Тринадцать дней прошло. Я много думала, я все время лежала и думала. Нюра сидела у меня в ногах и рыдала. Что она рыдает так жадно? Словно дорвалась. Ян ушел. Сиамец не появляется. Я спросила, где они все. Она оскалилась, как ведьма, махнула рукой. Они ее выпотрошили, мою дочку, они ее выпили, обескровили. А мама твоя уходит, девочка, мама кончилась. Я была бы рада остаться, но чувствую – не могу. Пора мне. Так тихо у нас в доме без Тролля. Тихо, беззвучно, телефон молчит, за окном – дождь и ветер, темно, сумрачно. Какое дождливое выдалось лето! Нюра принесла клубнику, попыталась накормить меня насильно. Я не стала есть, не могу. Посиди со мной. Вчера я видела сквозь сон, что приходил Феликс. Потоптался надо мной, потом сказал:

– Обещали через пару недель…

О, надо торопиться! Что-то ему обещали через пару недель! Что-то он предпримет по моему поводу! Ухожу. Моя дочка осиротеет, а мой сын так и не встретится с матерью. Подожди, Наталья, подожди. Ночью страшно важная мысль пришла мне в голову, самая важная, и надо напрячься, вспомнить ее и записать. Что это было?

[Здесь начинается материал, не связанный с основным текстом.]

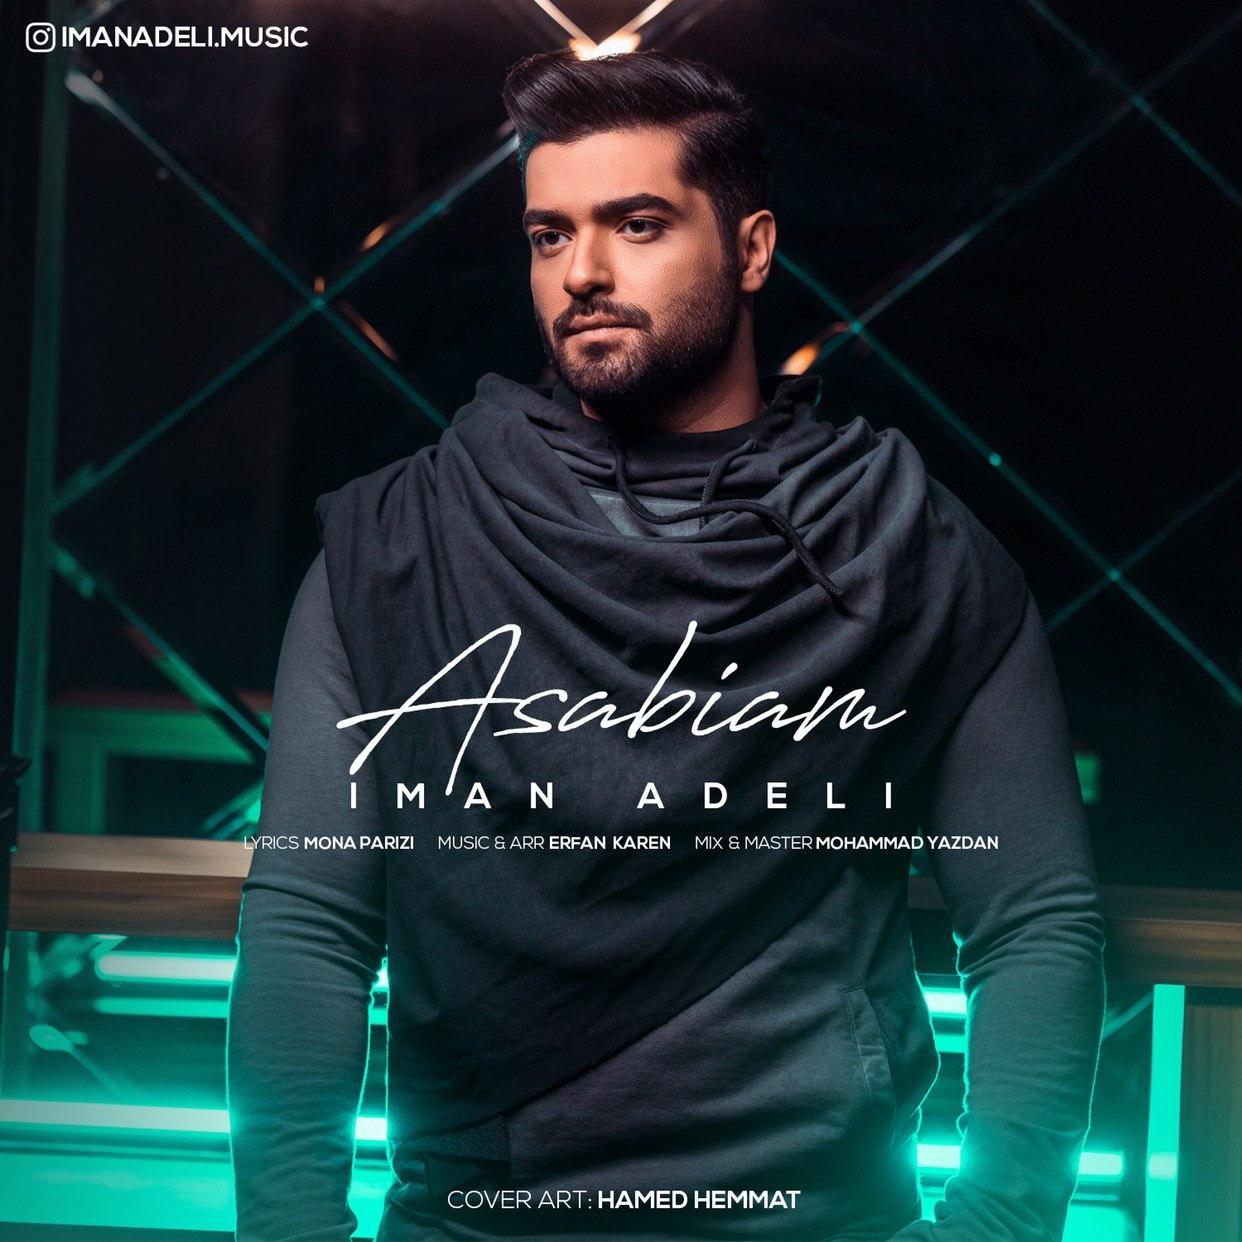 Iman Adeli – Asabiam

Да, вот что: я наказана тем, что по сей день не знаю, где мой сын и что с ним. Но я заслужила это наказание. Я его не хотела, сына. Я все время лгала. Мальчика своего я не хотела. Я испугалась беременности, я испугалась – избалованная идиотка – своего собственного ребенка, мне нравилось играть в куклы. Феликс повез меня на аборт. У меня была записка к главврачу гинекологического отделения одной больницы, не помню номера, где-то на «Войковской», и конверт с деньгами в сумке, и зубная щетка, потому что после аборта я должна была провести в больнице ночь. Это было в декабре, до Нового года. Мы шли по аллее больничного парка ранним утром, часов в восемь. Было темно и холодно, и я не догадывалась, что иду убивать, и мальчик мой не знал, что я задумала и куда я так тороплюсь. Или он знал? Ах, как страшно! Наверное, он плакал и просил меня не делать этого, а я скользила по снегу, вцепившись в руку Феликса, и ничего не слышала, торопилась, торопилась. Что он чувствовал тогда, мальчик мой? Что он думал тогда обо мне, своей матери? Вдруг пошел снег. Феликс сказал: «Беда, барин, буран». Мы искали корпус номер восемь, но не могли его найти. Никого не было в больничном парке, только два раза за голыми деревьями мелькнула чья-то фигура в сером халате поверх пальто, толкающая перед собой нагруженную тележку. Что было в тележке, не знаю. Мертвый, которого перевозили в морг, котел с кашей? Не знаю, не знаю. Мы так долго искали корпус номер восемь и так закоченели, что я вдруг сказала Феликсу:

– Знаешь, что? Хватит. Поехали домой.

Он уставился на меня, не понял. Я ли это произнесла? Не знаю. Хранитель мой говорил моим голосом. Я вдруг стала непреклонной, не похожей на себя. Снег шел все сильней и сильней, уже ничего не было видно – ни корпусов, ни деревьев – одно белое сплошное месиво, словно там, наверху, делали все, чтобы я не нашла корпус номер восемь, не выполнила того, что задумала.